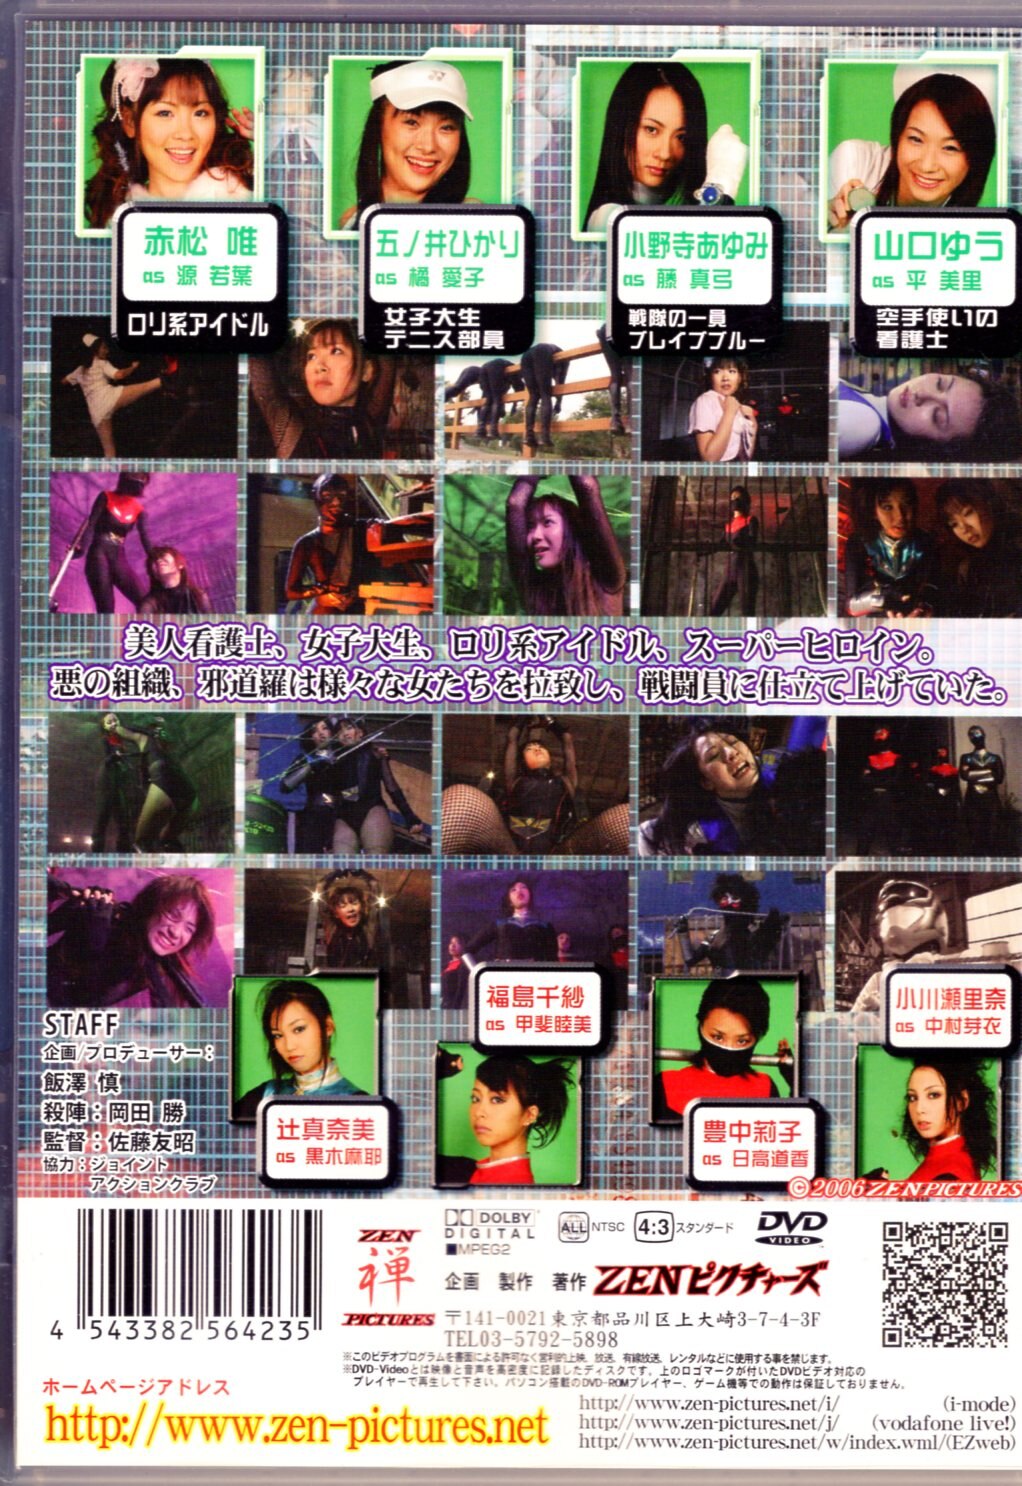 女戦闘員物語 壊される少女達 ZENピクチャーズ - DVD
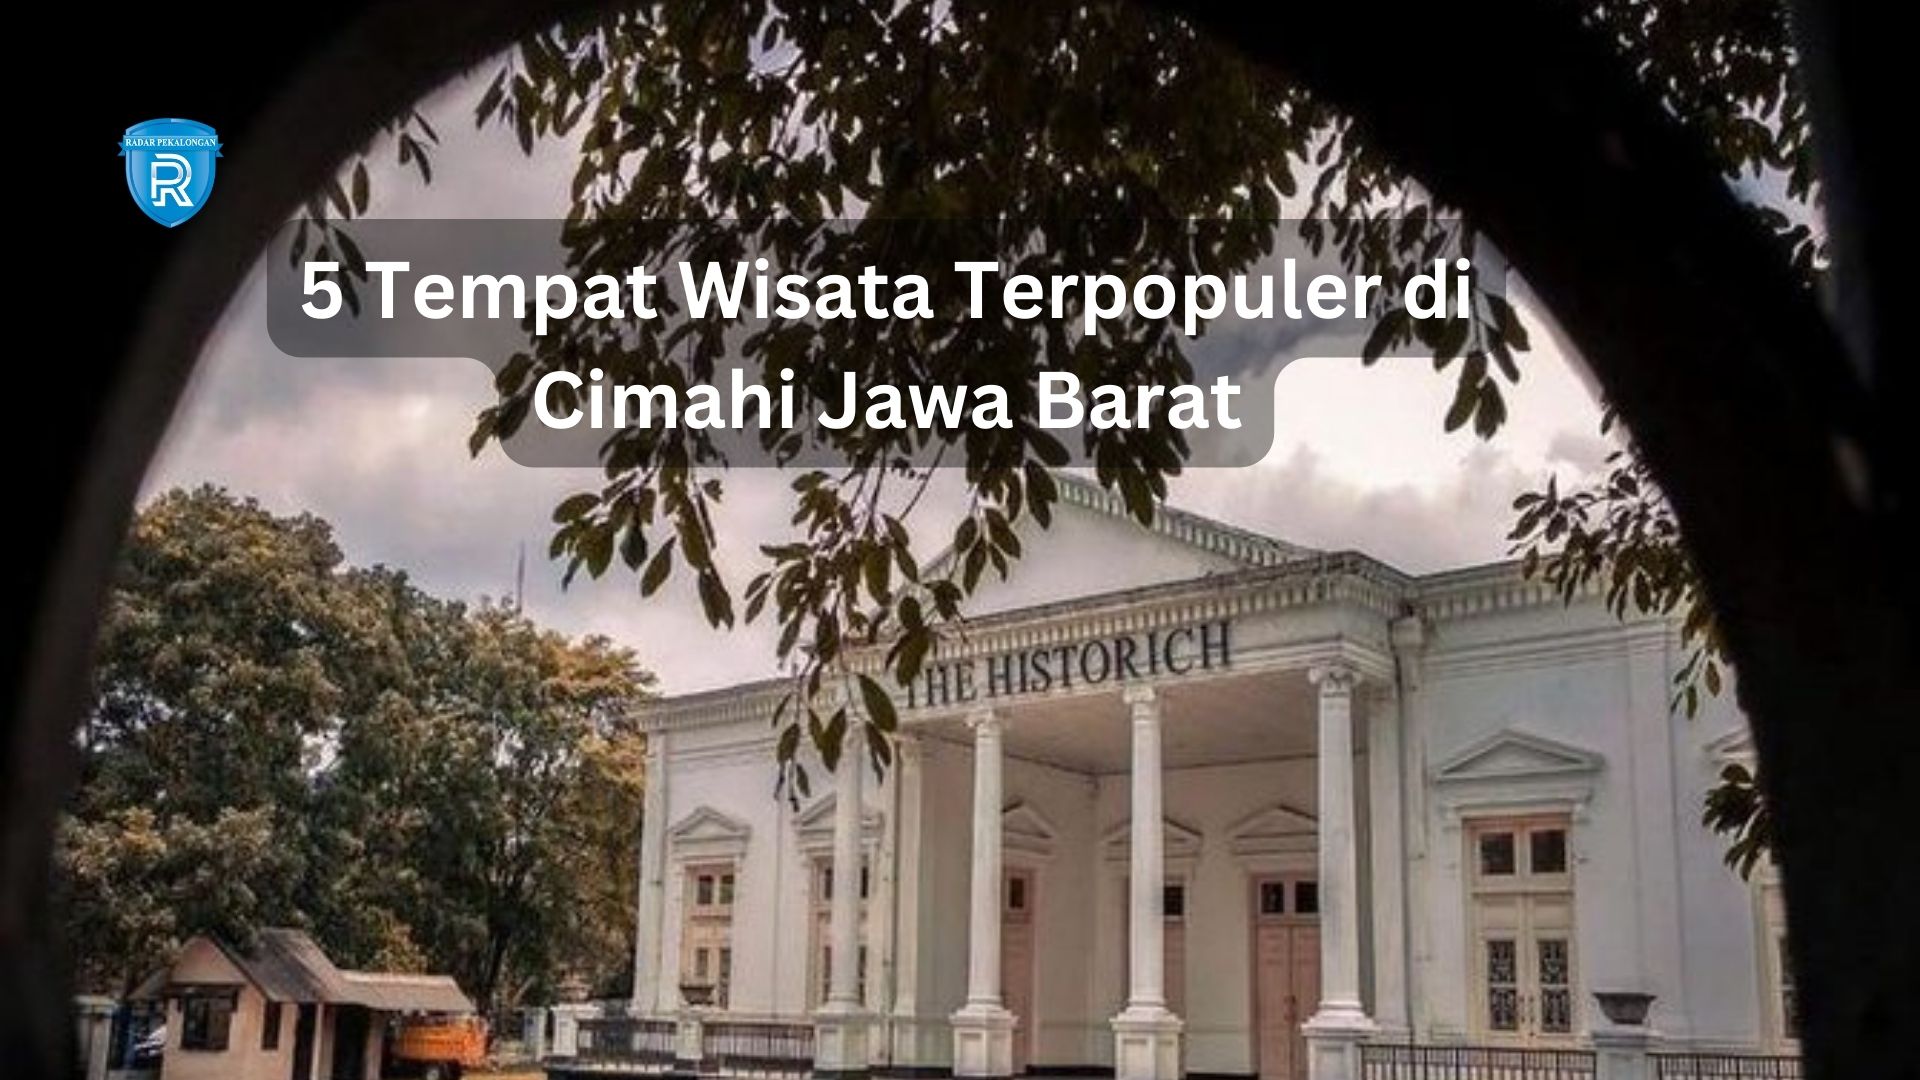 5 Tempat Wisata Terpopuler di Cimahi Jawa Barat yang Menarik Para Wisatawan, HTM cuma 2 Ribu!
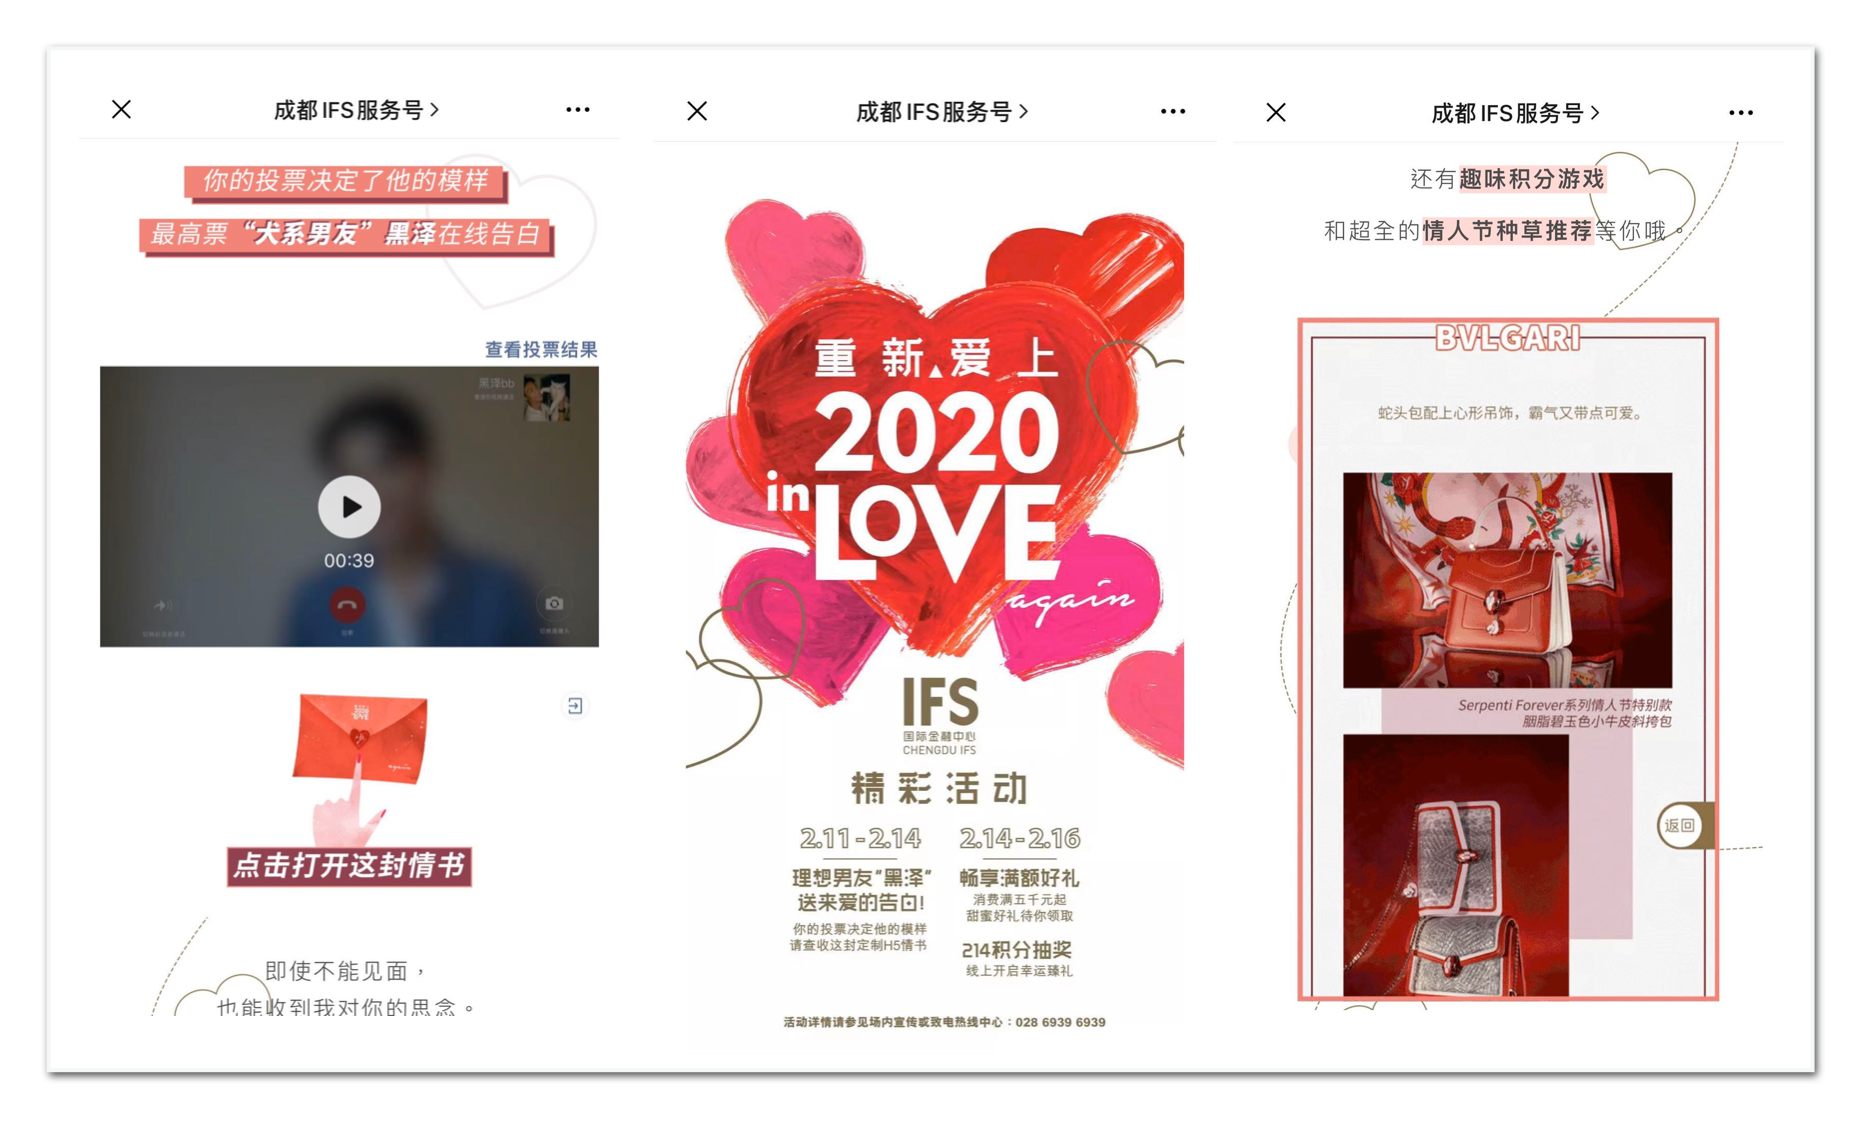 Chengdu IFS Valentine's Day campaign. Photo: WeChat

·····

Lines before the one containing "5 Tempat Wisata" are not wanted; repeat that line and the rest of the listing exactly, leaving out pictures.

 5 Tempat Wisata Terpopuler di Cimahi Jawa Barat yang Menarik Para Wisatawan, HTM cuma 2 Ribu!
 Chengdu IFS Valentine's Day campaign. Photo: WeChat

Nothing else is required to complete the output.